Nucleus is a dataset management platform that helps ML teams build better datasets. Bring your data, labels, and model predictions together to debug your models and improve your datasets.
Install Python Client Using pip
pip
We recommend using our Python SDK to interact with the Nucleus API.
pip install scale-nucleus
Our Python client code is open source! You can check out our codebase here: https://github.com/scaleapi/nucleus-python-client
Get API Key
To interact with Scale (and Nucleus) APIs, you'll need to get an API key. Follow this guide to get set up.
It's always a good idea to store this API key as an environment variable in order to avoid accidentally checking it into source control. We recommend adding a line like this to your shell profile.
export NUCLEUS_API_KEY=<YOUR_API_KEY>
Granting Scale Read Access to Your Data
Follow this guide to grant delegated access of your remote data to Scale.

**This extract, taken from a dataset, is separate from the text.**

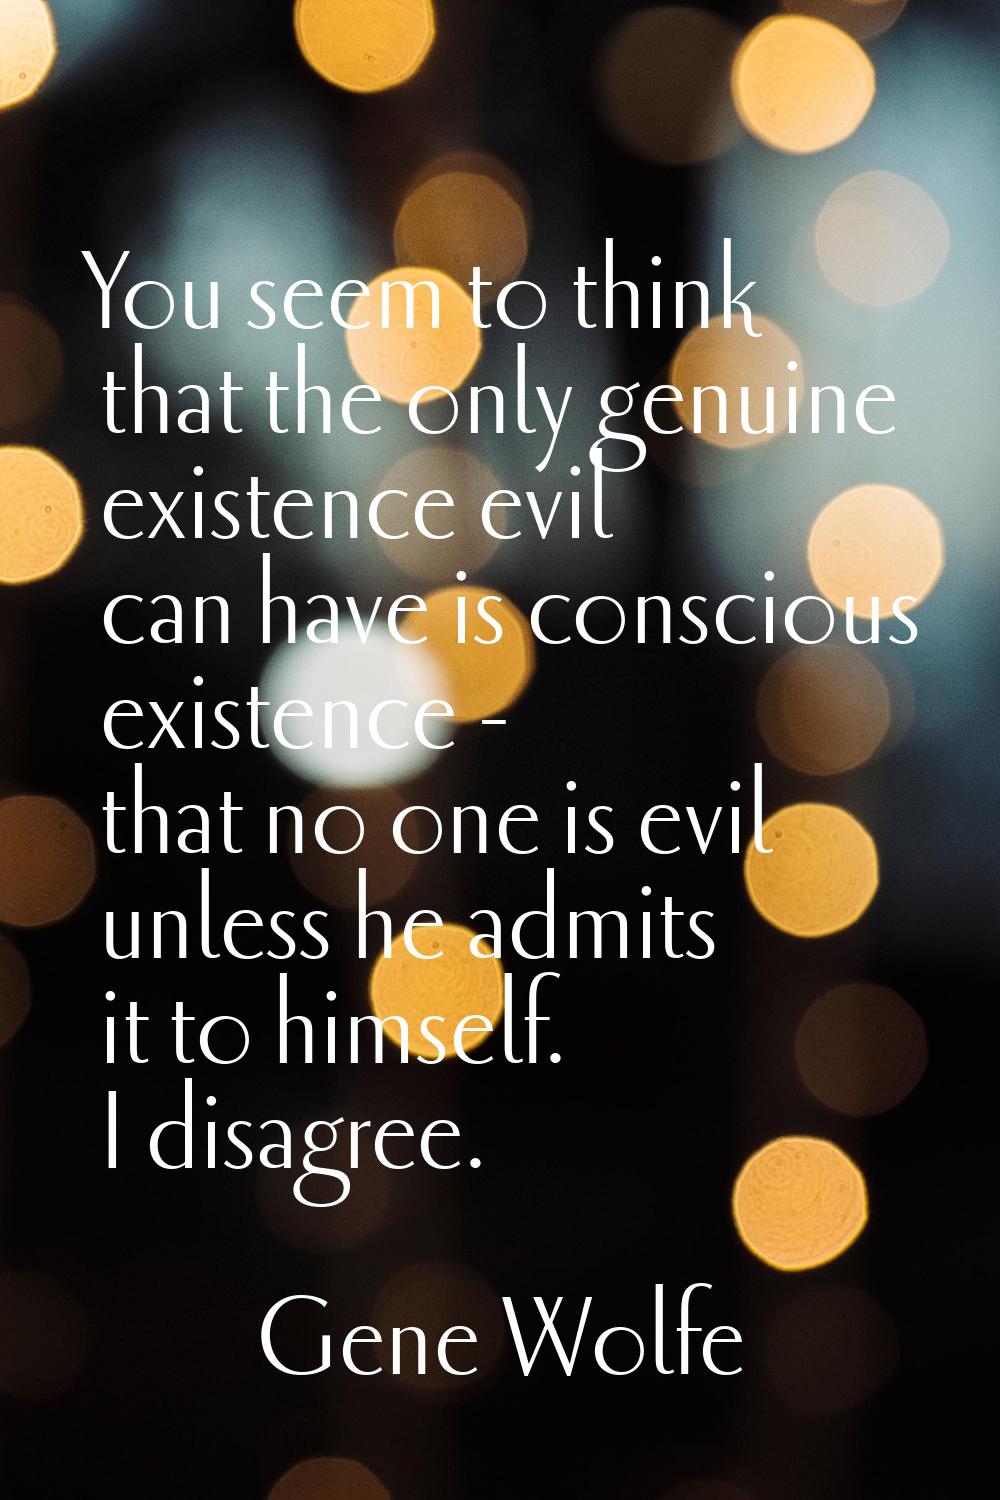 You seem to think that the only genuine existence evil can have is conscious existence - that no on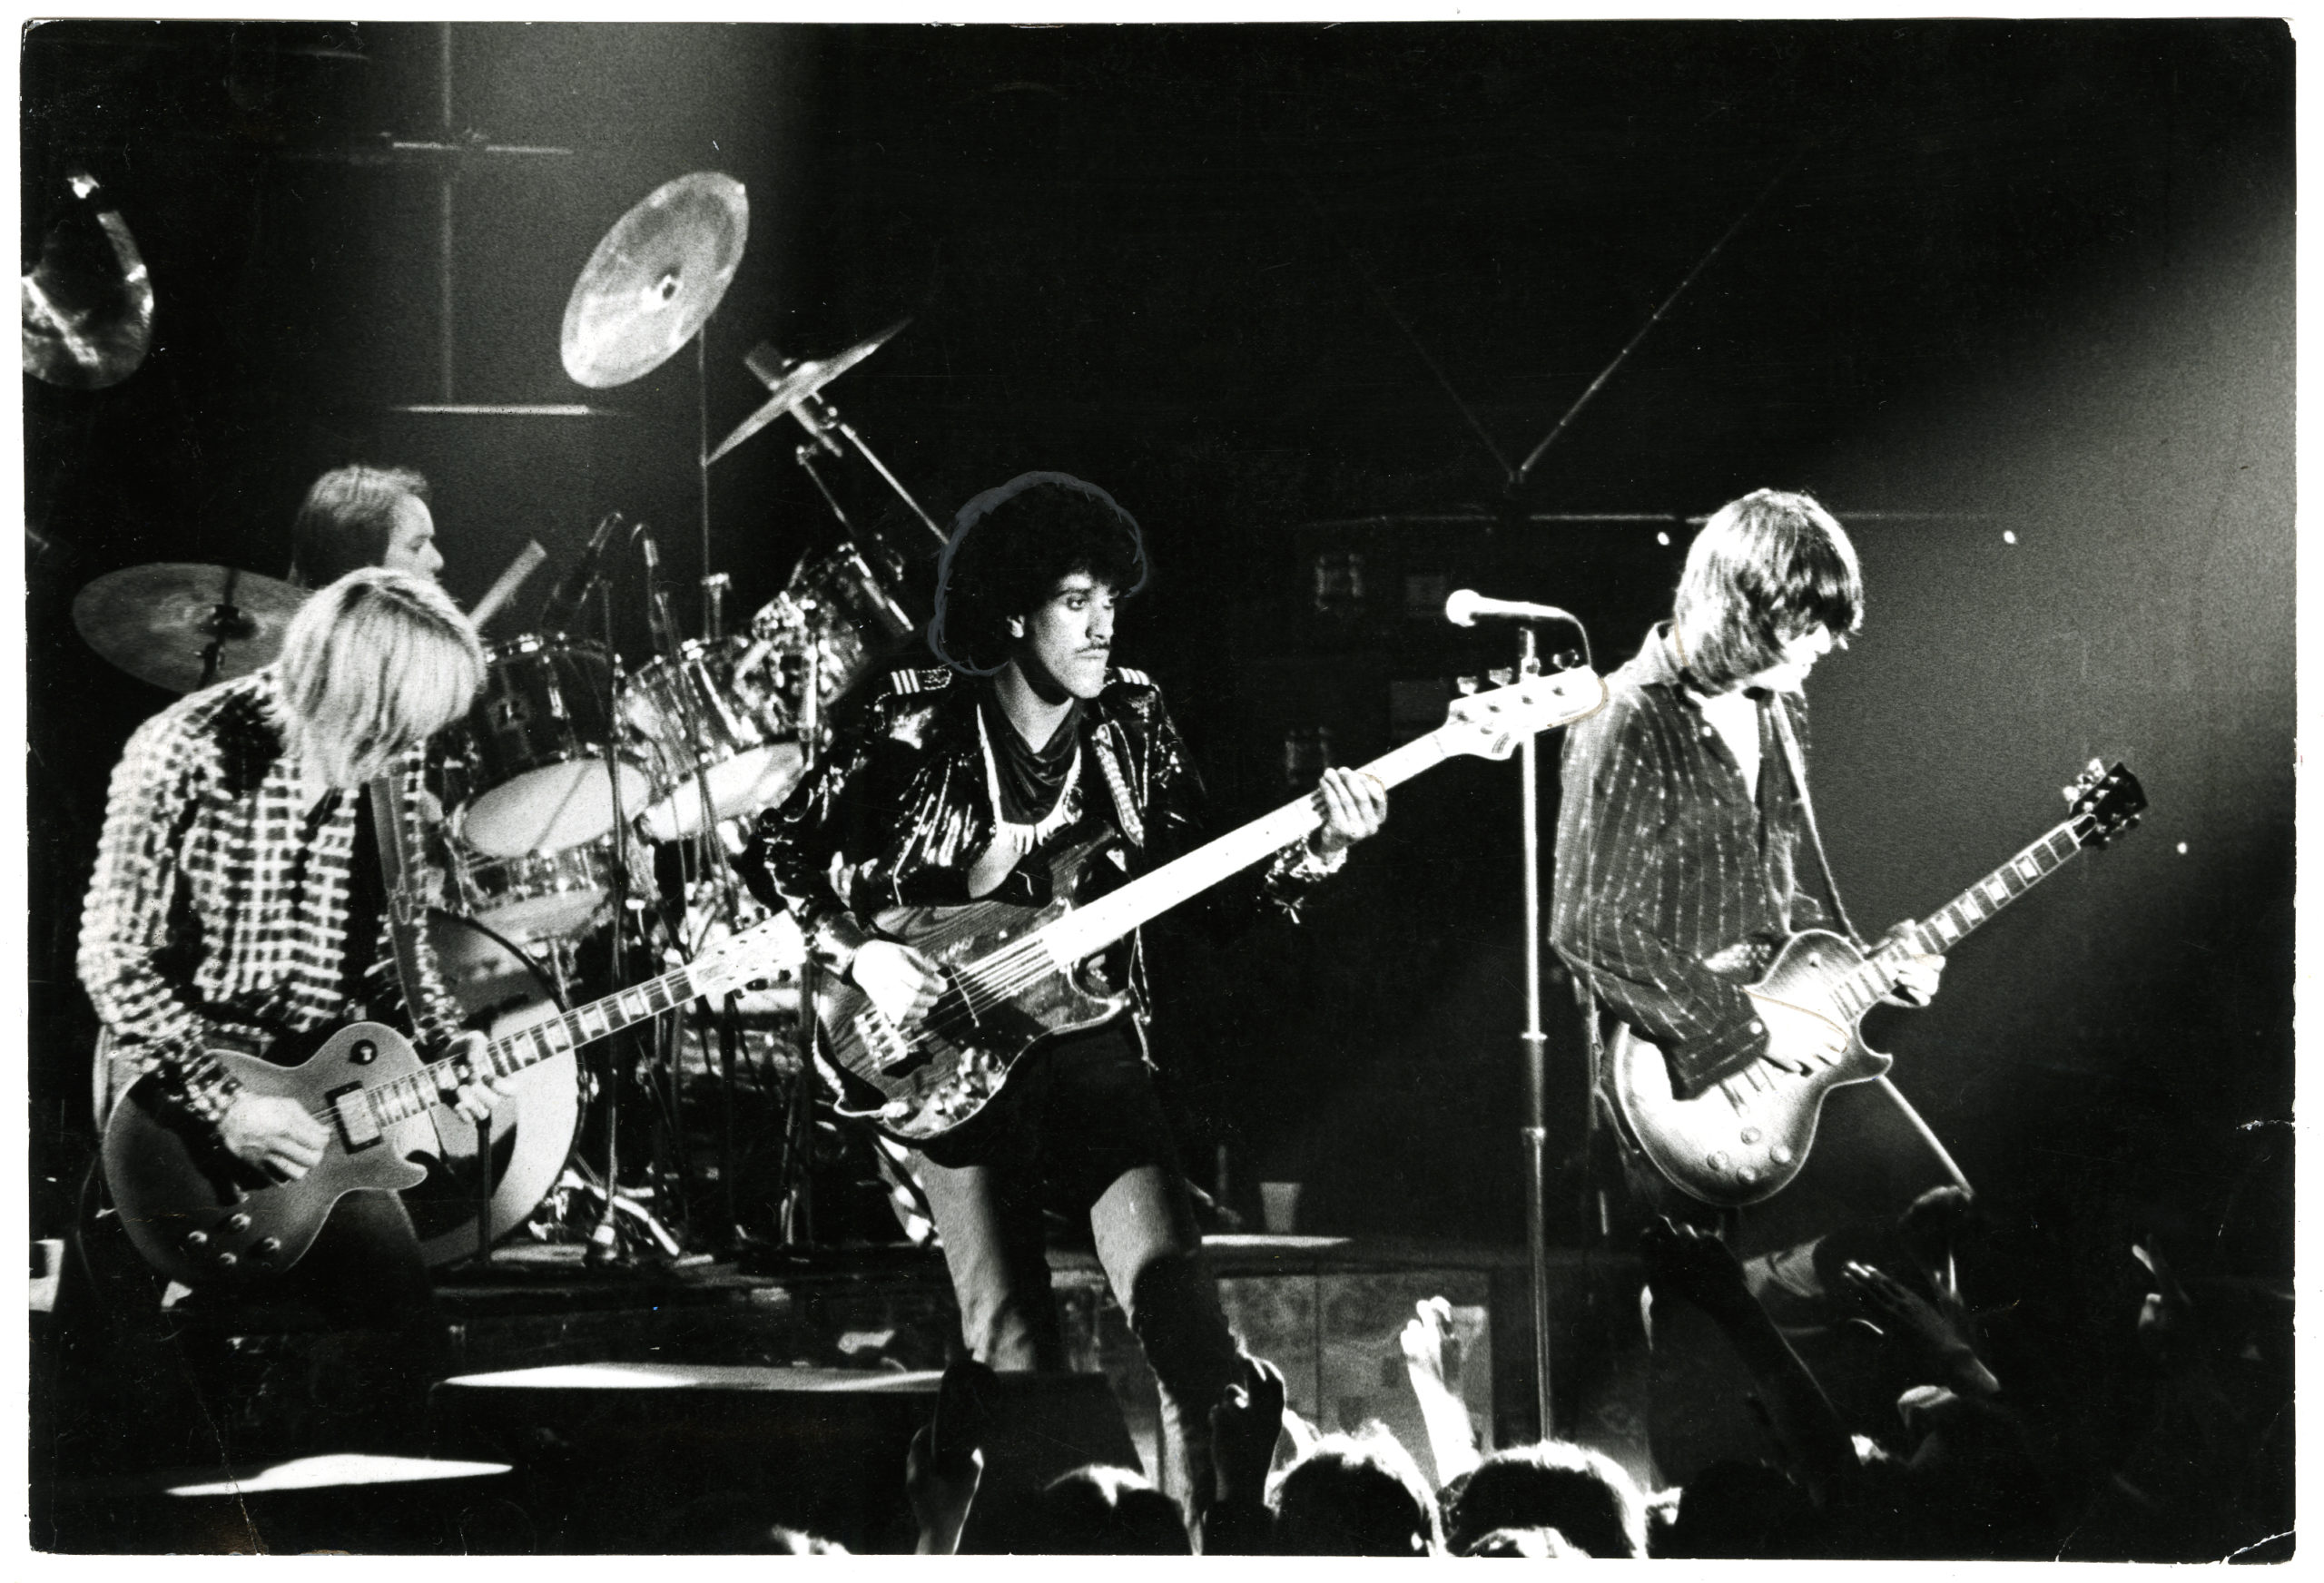 Thin Lizzy performing in concert in 1980.

At the moment AWS S3, Google Cloud Storage, and Azure Blob Storage are supported.
Once complete, you can verify whether Nucleus has access by uploading to a test dataset using the following snippet:
import nucleus
client = nucleus.NucleusClient(YOUR_SCALE_API_KEY)
dataset = client.create_dataset("TestAccess")
accessible_url = YOUR_ACCESSIBLE_FILE_URL
dataset_item = nucleus.DatasetItem(image_location=accessible_url, reference_id='test_item_id')
print(dataset.append(dataset_items))